Eight Bells Hills or Thamaniyat Ajras (ثمانية أجراس) is a topographic outlier of the Gilf Kebir plateau in the extreme southwestern corner of Egypt. The site, a NW–SE striking line of eight flared hills of Palaeozoic sandstone, is located in the New Valley Governorate at an elevation of 731 m.

An airfield used during World War II by the RAF is located near the hills with the runway markings still visible. It is marked by empty tins, many with their paper labels still intact. The need for a landing area in this remote part of Egypt was due to the importance of the Libyan oasis of Kufra. Intermediate landing grounds were required to store petrol and two of these, Eight Bells (located ) and Bir Terfawi, 200 km to the east, were established by the Long Range Desert Group.
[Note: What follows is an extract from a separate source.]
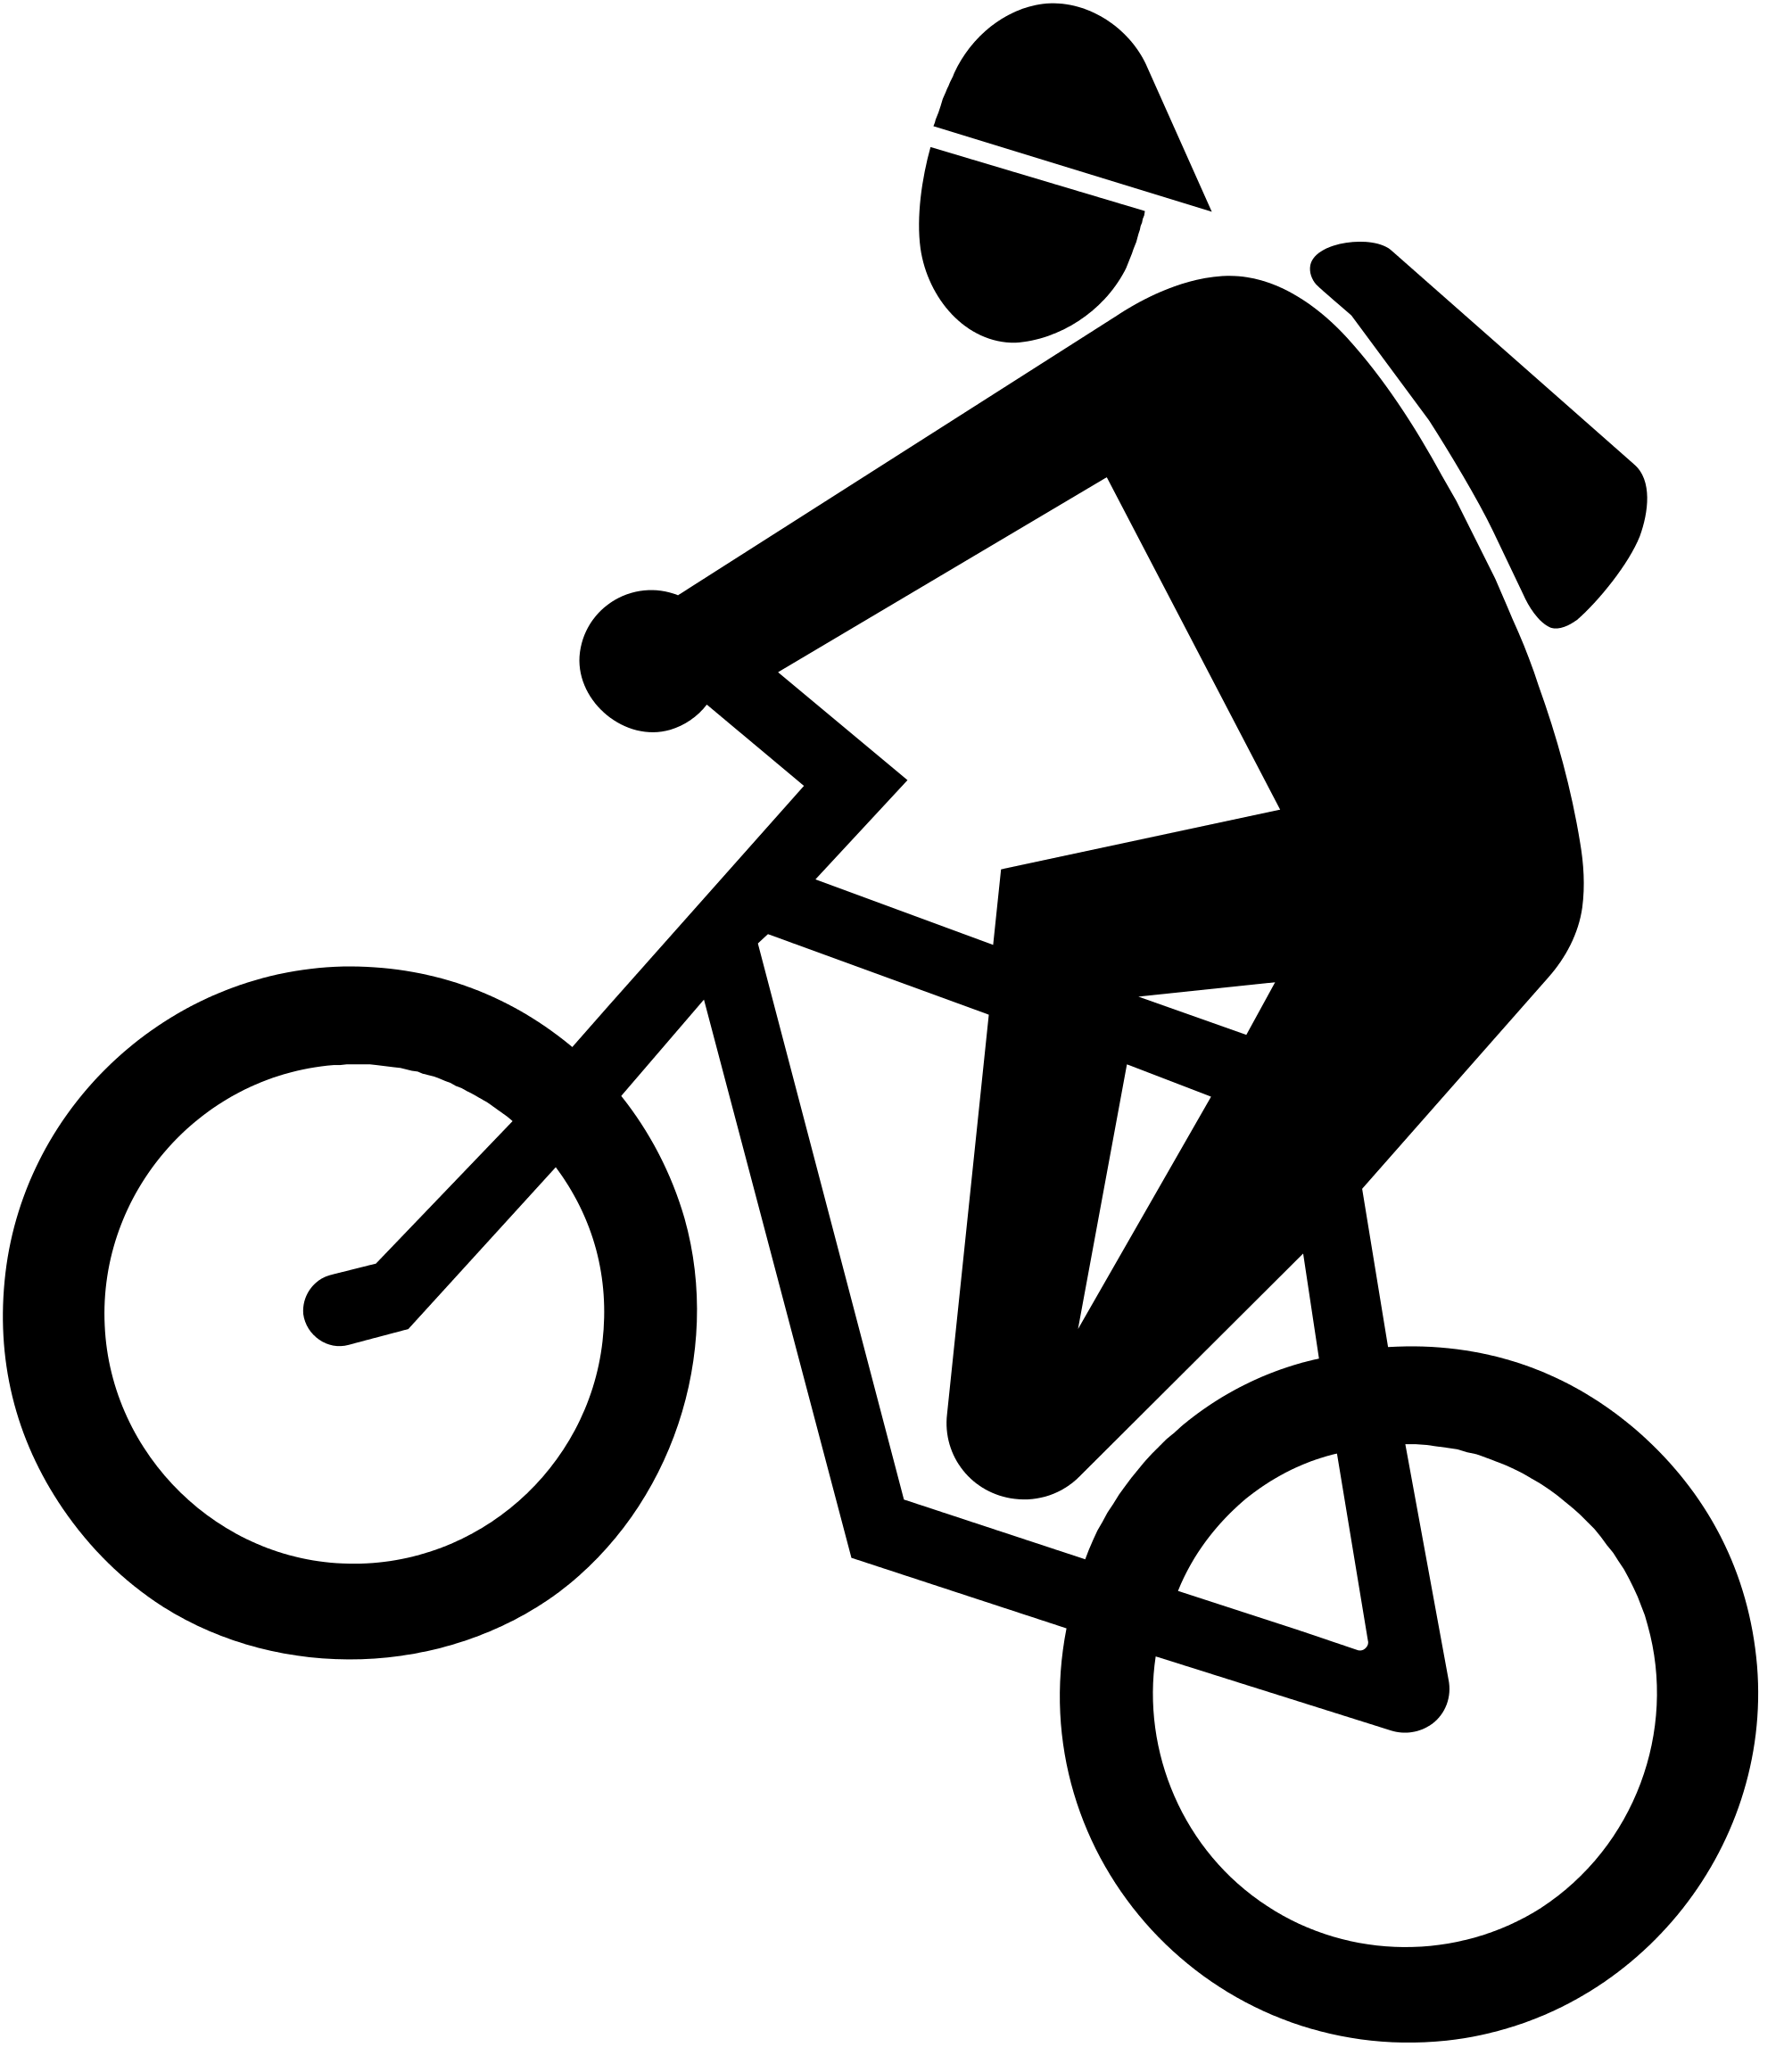 Người đi xe đạp
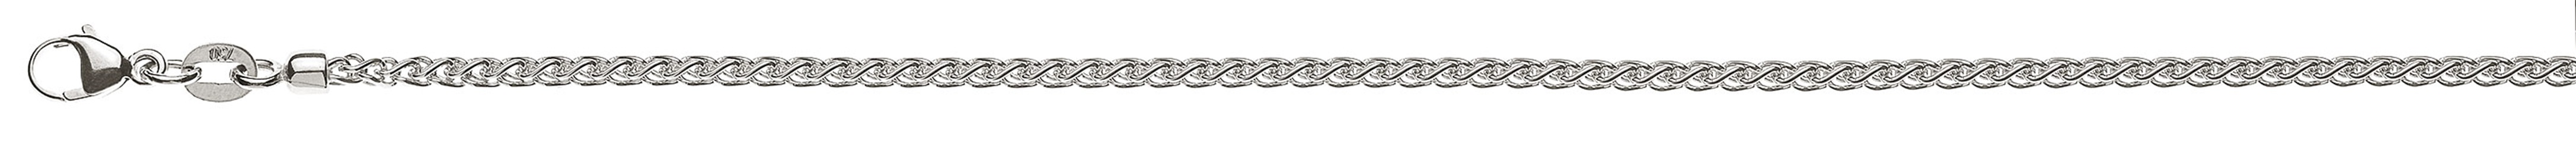 AURONOS Prestige Necklace white gold 18K cable chain 45cm 2.15mm

By the 2000s, Eight Bells Hills and the surrounding region became popular for tourists due to the scenic views it offered. However, this led to an increase in incidents involving armed bandits, especially groups who were camping near the former airstrip. Initially, both parties would leave each other alone. Incidents occurred in 2003 and January 2007, which were kept quiet by Egyptian authorities. During the January 2007 incident, a tour group of 1 German and 3 Britons were stopped by a Land Cruiser carrying 8 gunmen. The gunmen seized a satellite phone, mobile phones, cash, and looted vehicles belonging to the tourists. After they left, leaving two cars, the group made it to Dakhla Oasis. Another incident occurred in August 2008, when a tour group near Eight Bells were almost stopped by bandits. According to group, they saw a Land Cruiser with around 15 gunmen approaching, and they hurriedly left the area. After stopping, they saw the bandits still following using binoculars, fleeing once again. Notably, in September 2008, a European tour group were kidnapped by Sudanese bandits, including their guides and drivers. The gunmen seized 11 Italians, Germans and Romanians and 8 Egyptian guides and drivers, bringing them into Sudan. On 25 September 2008, the group later moved to Libya according to the Sudanese government, but Libyan authorities reported that there were no sightings. The German government attempted negotiations from where a ransom of millions of dollars was demanded.

A meteorite was found In the area of Eight Bells in 2016.